1MDB default exposes govt contingent liabilities

27 Apr 2016 / 05:39 H.

    PETALING JAYA: The total size of contingent liabilities associated with 1Malaysia Development Bhd (1MDB)’s recent default that the government balance sheet is exposed to is estimated at 2.5% of gross domestic product (GDP), according to Moody’s Ratings Services.
    Its vice-president and senior research analyst Christian de Guzman said the troubled Malaysian state fund which was in default after missing the deadline to make its bond repayment Monday has raised the risk on the contingent liabilities which the government balance sheet is exposed to.
    The international ratings agency did not change its outlook on Malaysia. Back in January, Moody’s downgraded Malaysia’s sovereign credit rating outlook from positive to stable at A3.
    Yesterday, 1MDB released a statement confirming that it defaulted on a US$1.75 billion (RM6.83 billion) bond issue, triggering cross defaults on two other Islamic notes totalling RM7.4 billion. The default has prompted a call on a guarantee by the International Petroleum Investment Company (IPIC).
    “However, the cross default triggered on instruments guaranteed by the government of Malaysia, as well as an indemnity associated with the IPIC guarantee, raises the risks of the crystallisation of contingent liabilities on the balance sheet of the government of Malaysia,” de Guzman told SunBiz via email.
    Moody’s noted that 1MDB’s total debt, according to latest publicly available data, which date back to 2014 was around RM42 billion, less than 4% of GDP.
    However, de Guzman said, the figure does not incorporate the progress made by 1MDB over the past year in paring its debt through various asset sales.
    “As such, we assume that 1MDB’s total current liabilities to be much smaller,” he said.
    However, de Guzman pointed out the contingent risks associated with 1MDB’s non-guaranteed liabilities may be as high or even higher than the government’s actual explicitly guaranteed exposures.
    “Moreover, the inability to rein in these off-budget risks stand in contrast to the on-budget improvements to the government’s fiscal position,” he said.
    Meanwhile, Standard & Poor’s Ratings Services (S&P) does not expect 1MDB’s default to have an impact on the country’s sovereign ratings.
    “We don’t see an impact on Malaysia’s sovereign ratings for now. The default on the interest payment may trigger an acceleration event on the other bonds of 1MDB,” its Malaysian sovereign analyst Yee Farn Phua said.
    “On those bonds that carry a guarantee from the government or the 2023 bond with letter of support, we expect the government to make good on those obligations should 1MDB fail to pay,” he said.
    The local bourse and the ringgit took a hit yesterday, with the announcement of 1MDB’s default.

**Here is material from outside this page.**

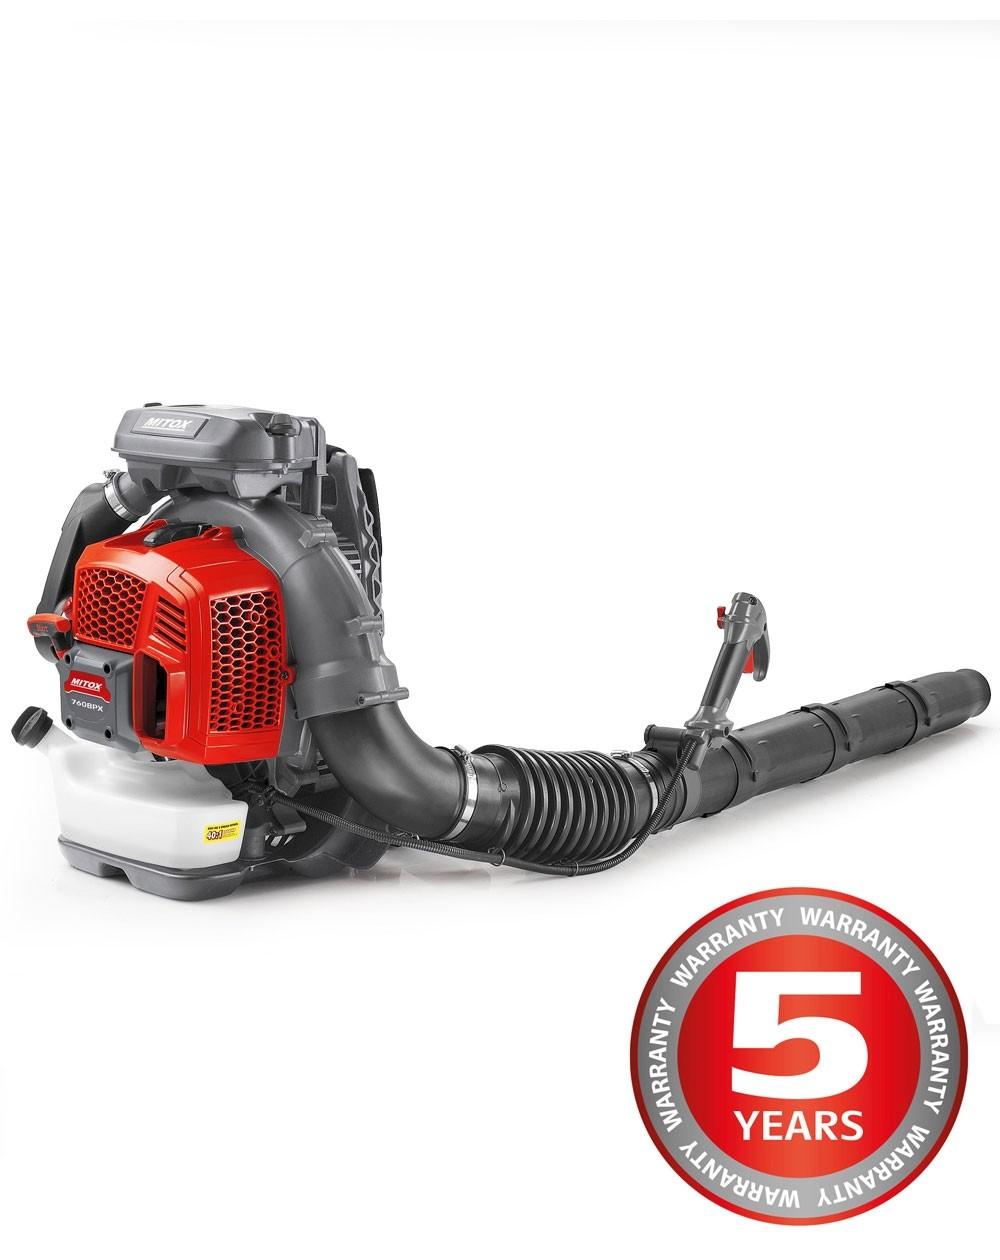 Mitox 760BPX leaf blower

    The FTSE Kuala Lumpur Composite Index (KLCI) fell 0.58% in just 55 minutes after the opening bell. Heavy selling pulled the Malaysian stock benchmark below the critical 1,700-point level after the lunch break. The KLCI closed at 1,92.50, down 1.28% or 22.01 – its biggest loss in nearly a month.
    The ringgit meanwhile, declined for a fourth day, falling 0.55 % to 3.9290 per dollar – its biggest slide in a month.
    The Finance Ministry did not respond to a request for comment.